Bellini e a menina
RUY CASTRO
Folha de São Paulo - 20/08/11
Em julho de 1958, uma menina de 10 anos, sofrendo de poliomielite desde bebê, fez sua primeira cirurgia na perna. Enquanto convalescia, montou um álbum de recortes sobre seu ídolo, o homem mais bonito do Brasil, o xodó de todas as mulheres, crianças e até avós: Bellini, zagueiro do Vasco e capitão da seleção brasileira recém-campeã do mundo na Suécia. Certo dia, a porta da casa onde ela morava com sua família no Leblon se abriu, e uma visita de surpresa disse: "Boa-noite". Era Bellini.
Como? Simples. Alguém que conhecia alguém que conhecia Bellini falou-lhe da menina. Bellini tinha 28 anos e não chegava para as encomendas. Quando não estava treinando ou jogando pelo Vasco, tinha de viajar com a Copa do Mundo pelo país e levantar o caneco em festas e banquetes. Mas ele achou tempo para ver a garota, que ficou muda de emoção enquanto ele lhe contava histórias da Suécia.
Dois anos depois, em 1960, a menina encontrou Bellini na rua, em Copacabana. Ele a reconheceu e ela lhe disse que, no dia seguinte, iria fazer sua segunda (e última) cirurgia. Bellini se interessou. Dali a dias, ligou para o hospital para perguntar como estava. Ao saber que brevemente ela iria para casa, deu um tempinho e foi visitá-la de novo, desta vez levando bombons. Era assim que ele era.

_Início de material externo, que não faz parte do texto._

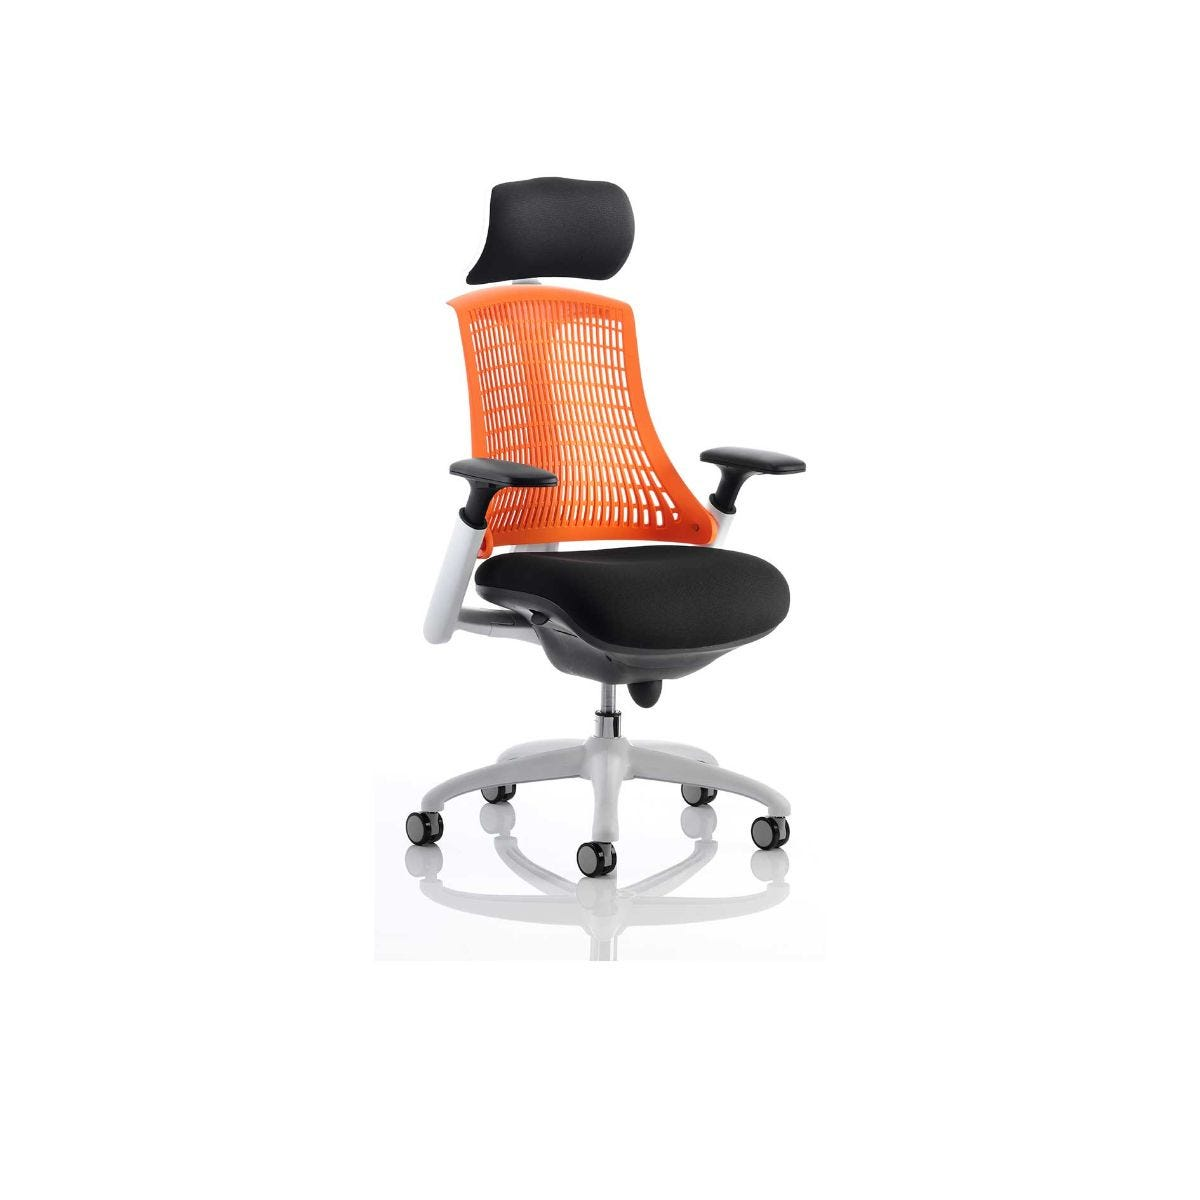 Flex Task Office Chair White Frame With Headrest, Orange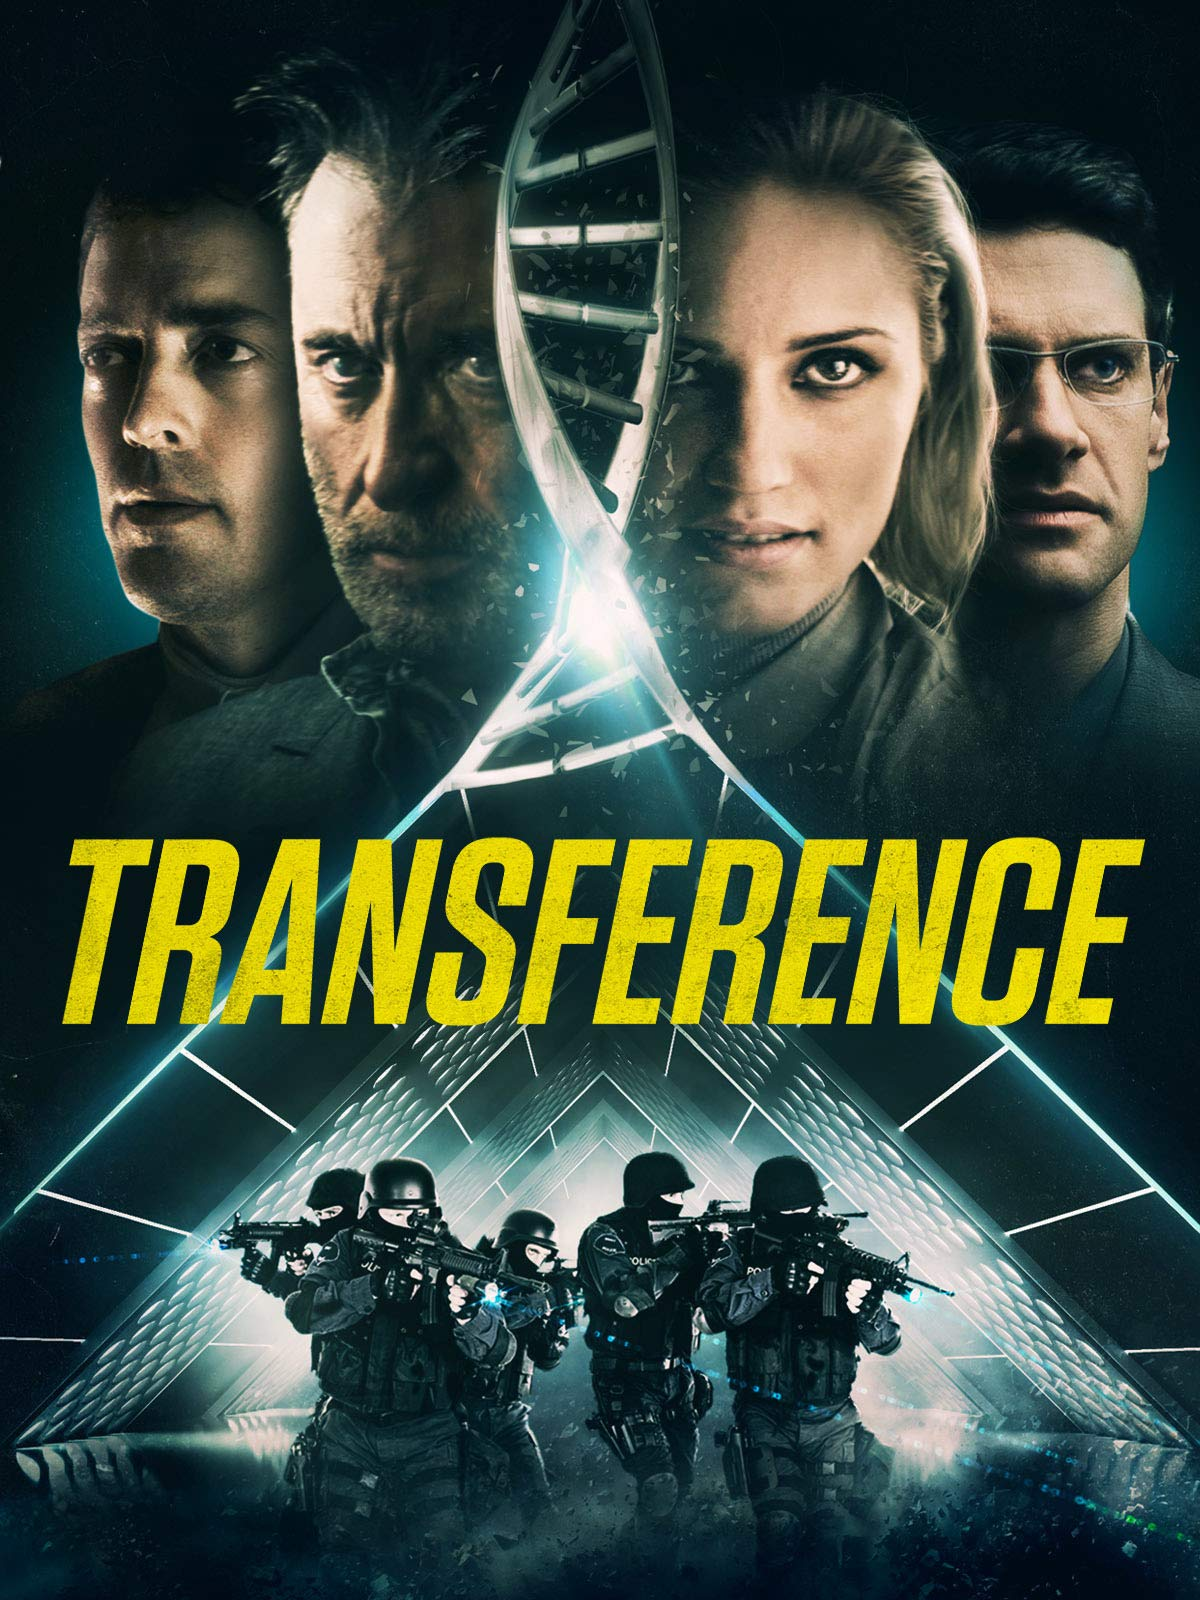 فيلم Transference 2020 مترجم

Passaram-se anos. Celia se tornou a violonista, arranjadora e maestrina Celia Vaz, uma das musicistas mais completas do Brasil e com sólida reputação no Japão, na Europa e nos EUA, muito maior do que em seu país.
Sábado último, após intermediação de amigos, Celia foi a São Paulo para encontrar Bellini e sua esposa Giselda, dar-lhe um beijo e retribuir os bombons. O intervalo de mais de 50 anos -o próprio Bellini tem hoje 81- não impediu que a emoção desandasse e as lágrimas de todos descessem pelos rostos e sobre o estojo da Kopenhagen.